**Exercise**:
Quote every line below exactly and skip any picture.

Recorded information START

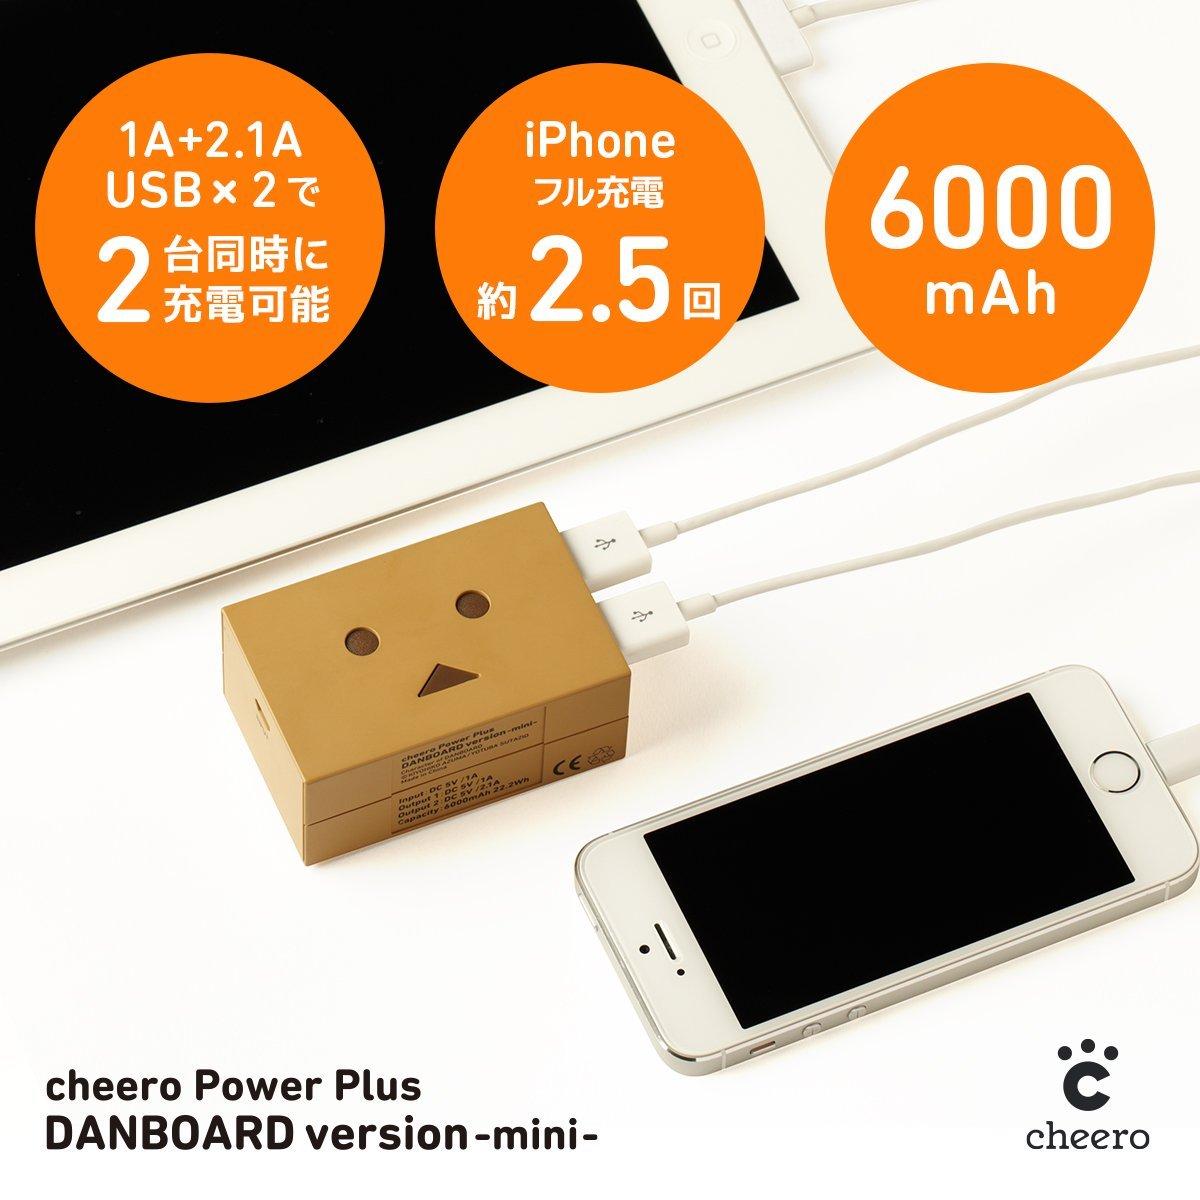 ★あす楽対応★ コンパクト 目が光る ダンボー チーロ モバイルバッテリー cheero Power Plus 6000mAh DANBOARD version -mini- 各種 iPhone / iPad / Android 対応
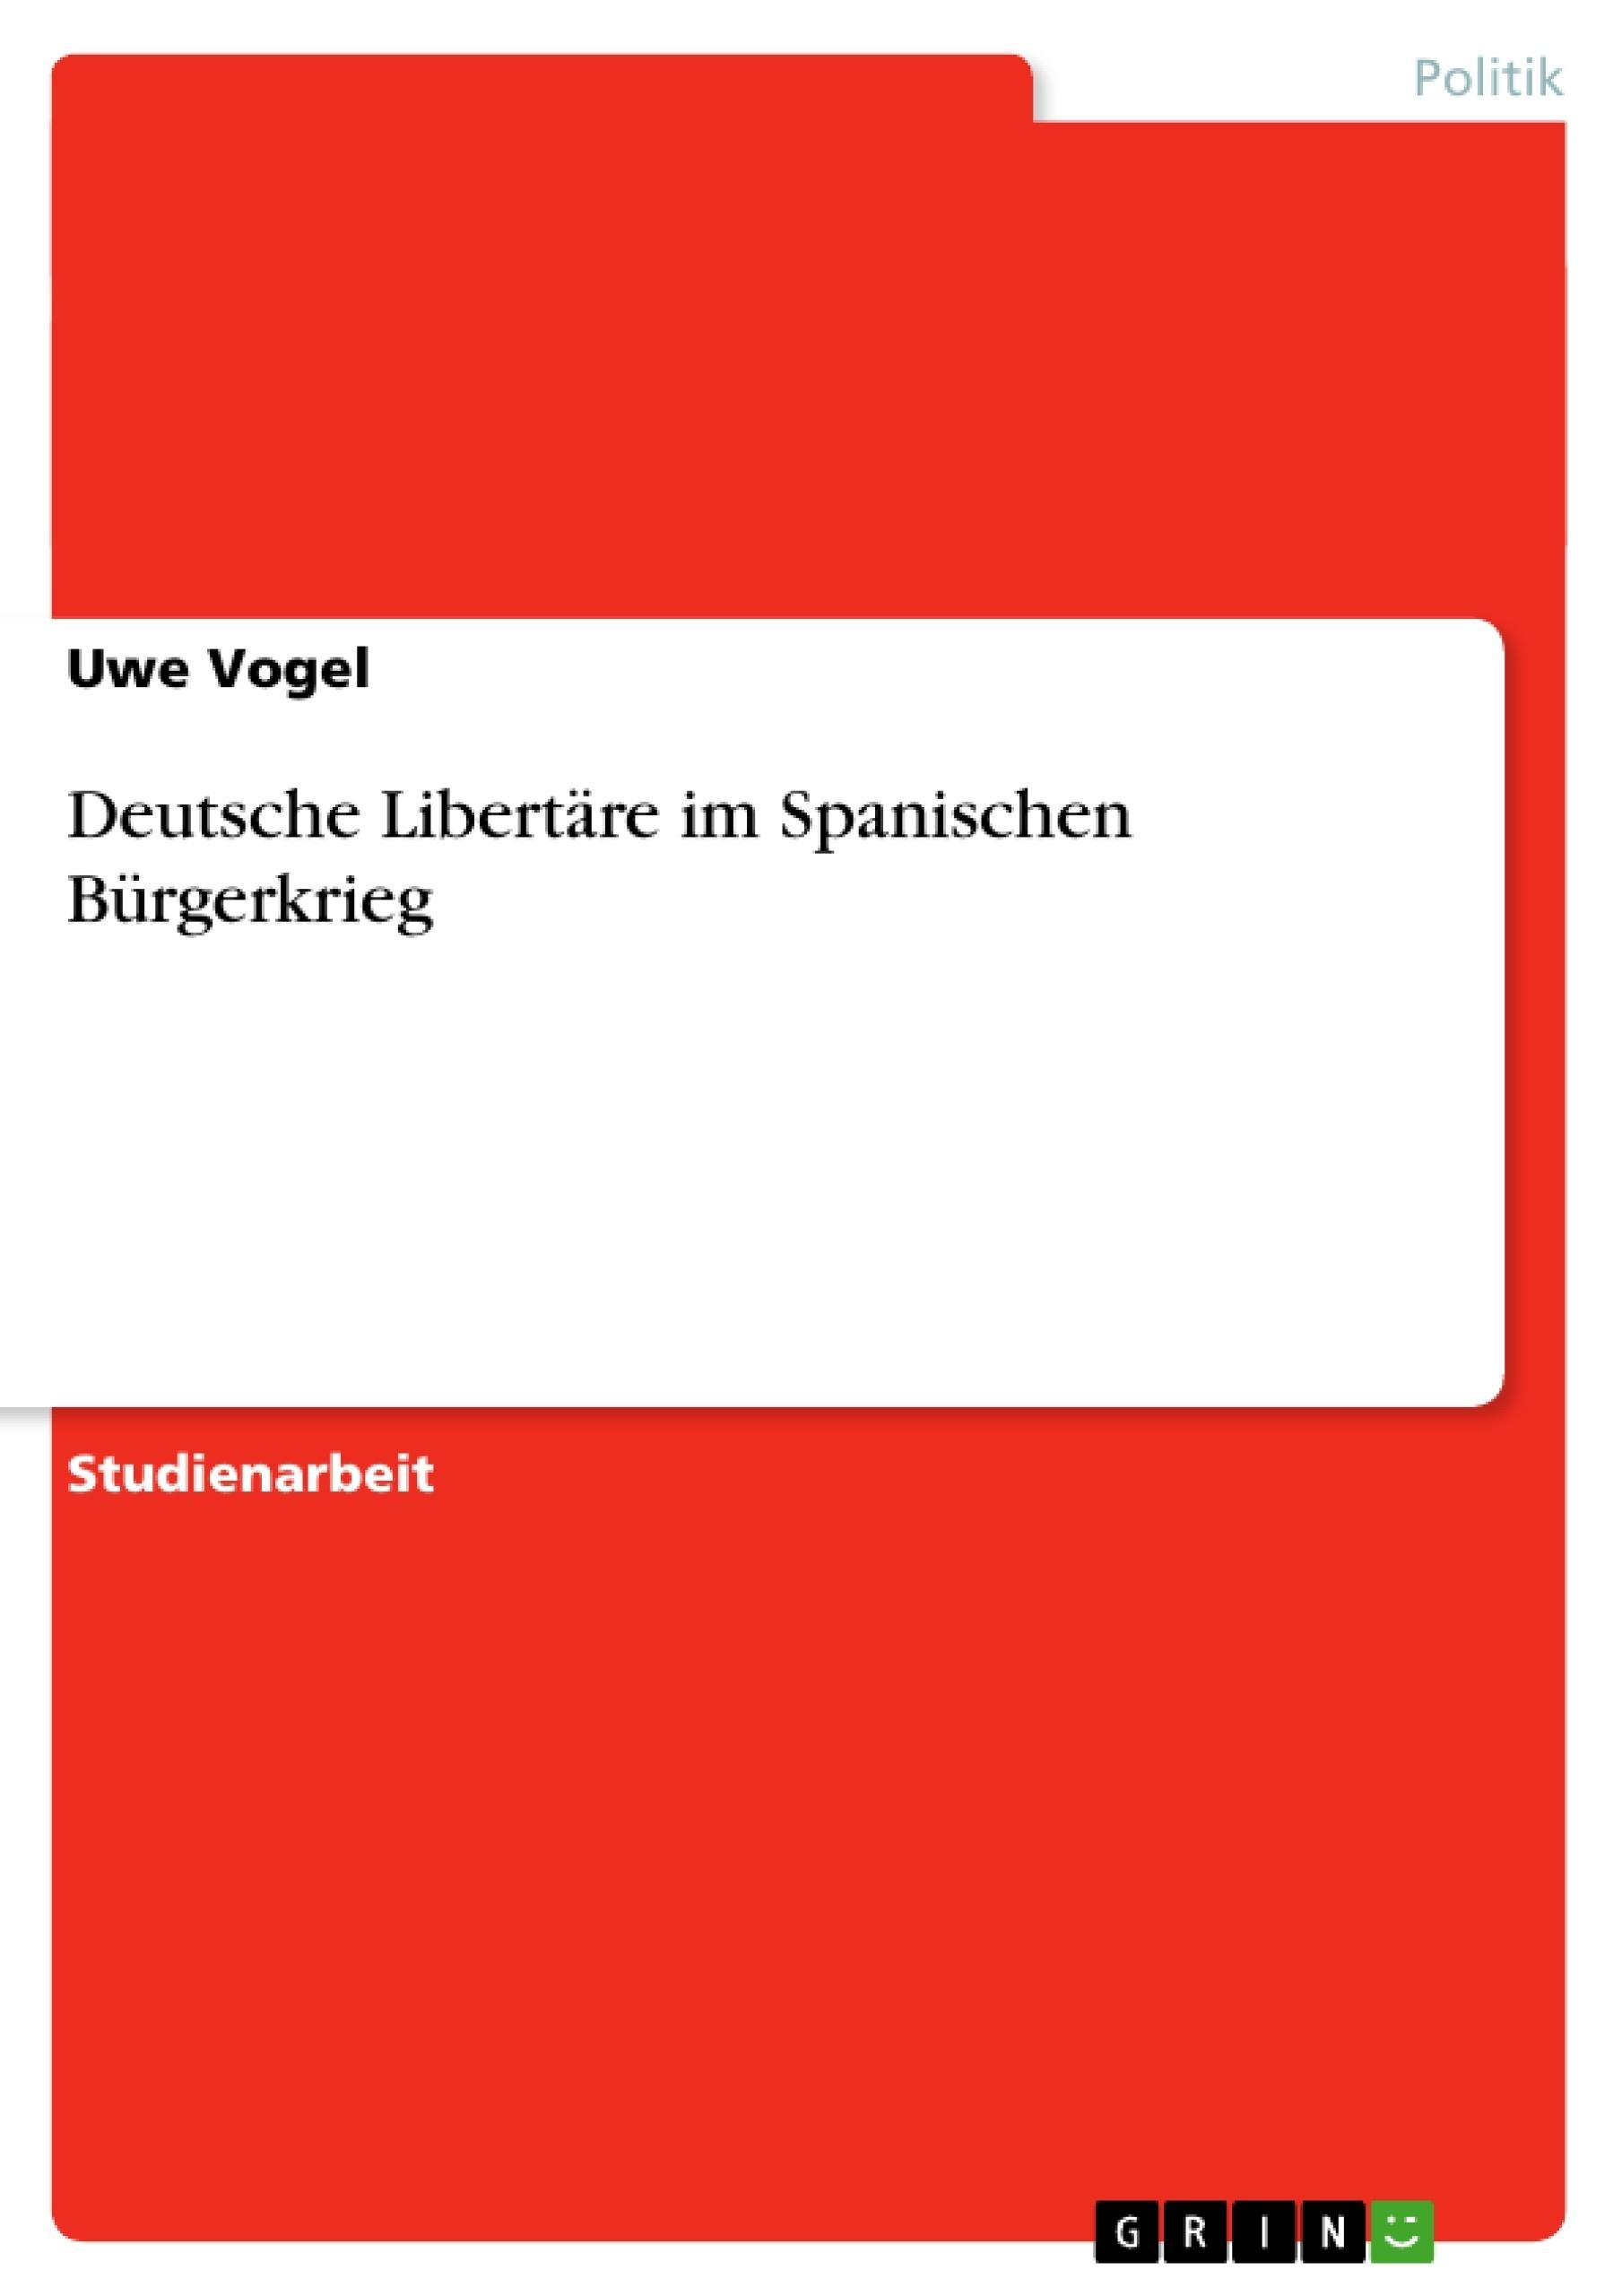 Titel: Deutsche Libertäre im Spanischen Bürgerkrieg
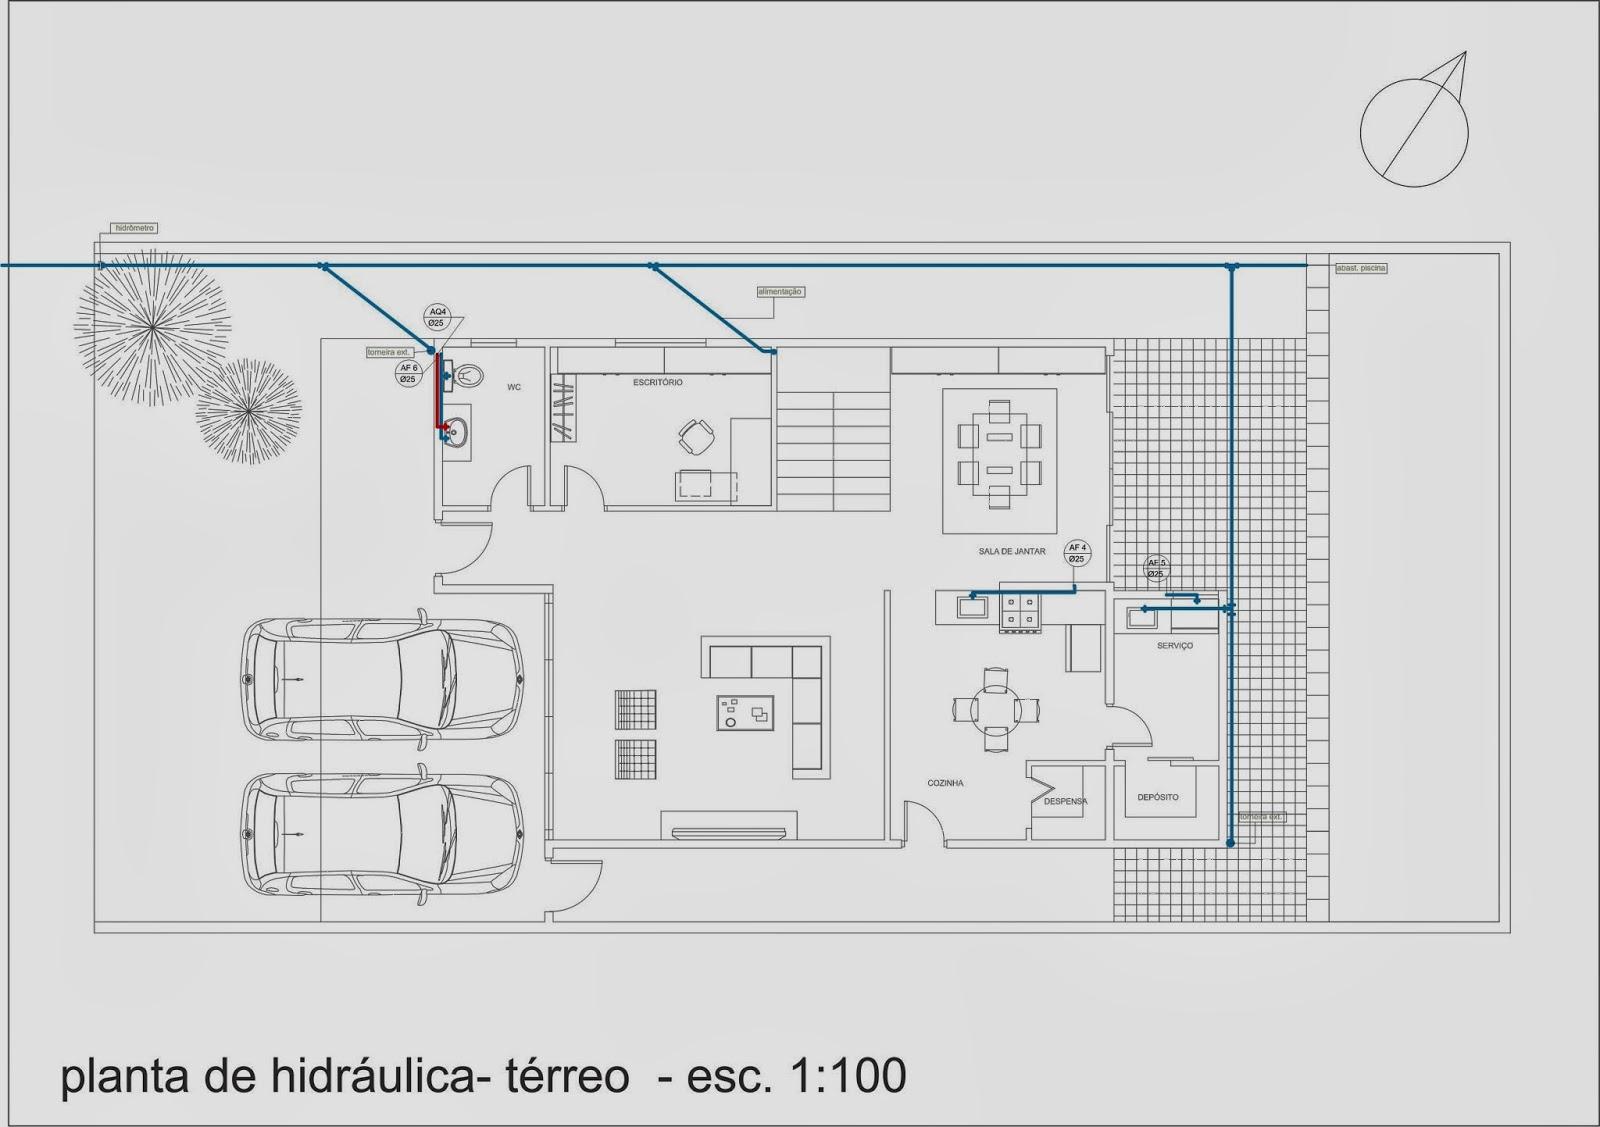 Pellegrino : Projeto de instalações hidráulicas para residência #244563 1600 1127
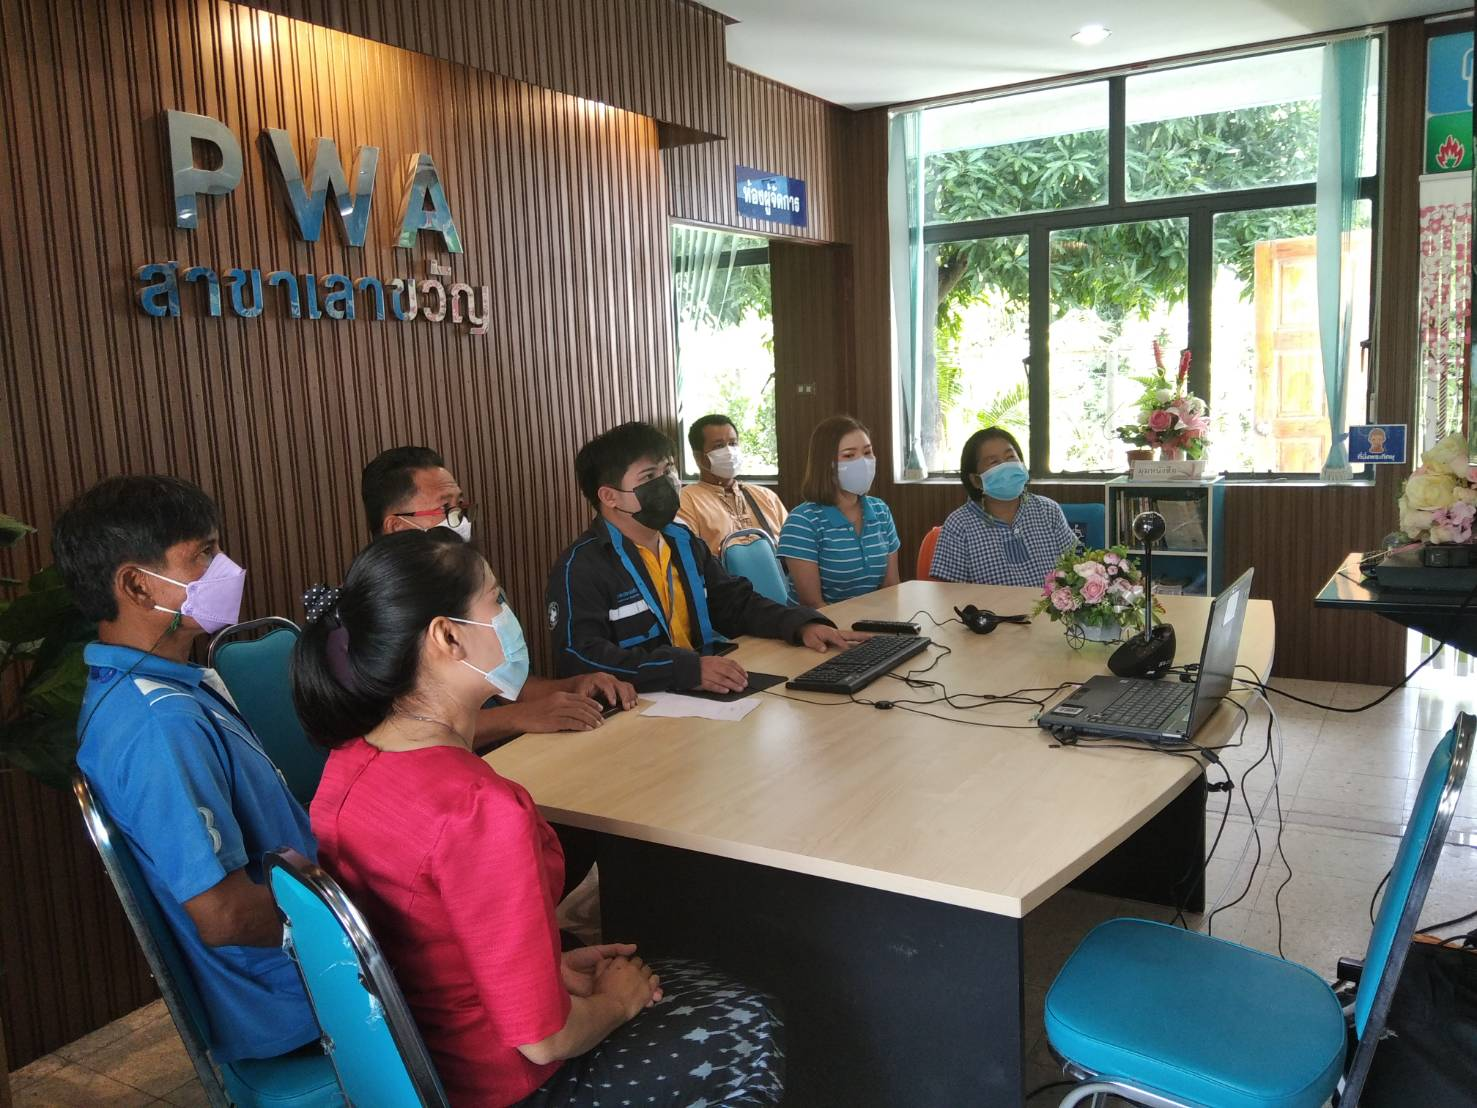 การประปาส่วนภูมิภาคสาขาเลาขวัญ เข้าร่วมประชุมศึกษาดูงานด้านการตลาดและการให้บริการลูกค้าของการไฟฟ้านครหลวง ผ่านระ

Recorded information END

**Reply**:
 ★あす楽対応★ コンパクト 目が光る ダンボー チーロ モバイルバッテリー cheero Power Plus 6000mAh DANBOARD version -mini- 各種 iPhone / iPad / Android 対応
 Titel: Deutsche Libertäre im Spanischen Bürgerkrieg
 Pellegrino : Projeto de instalações hidráulicas para residência #244563 1600 1127
 การประปาส่วนภูมิภาคสาขาเลาขวัญ เข้าร่วมประชุมศึกษาดูงานด้านการตลาดและการให้บริการลูกค้าของการไฟฟ้านครหลวง ผ่านระ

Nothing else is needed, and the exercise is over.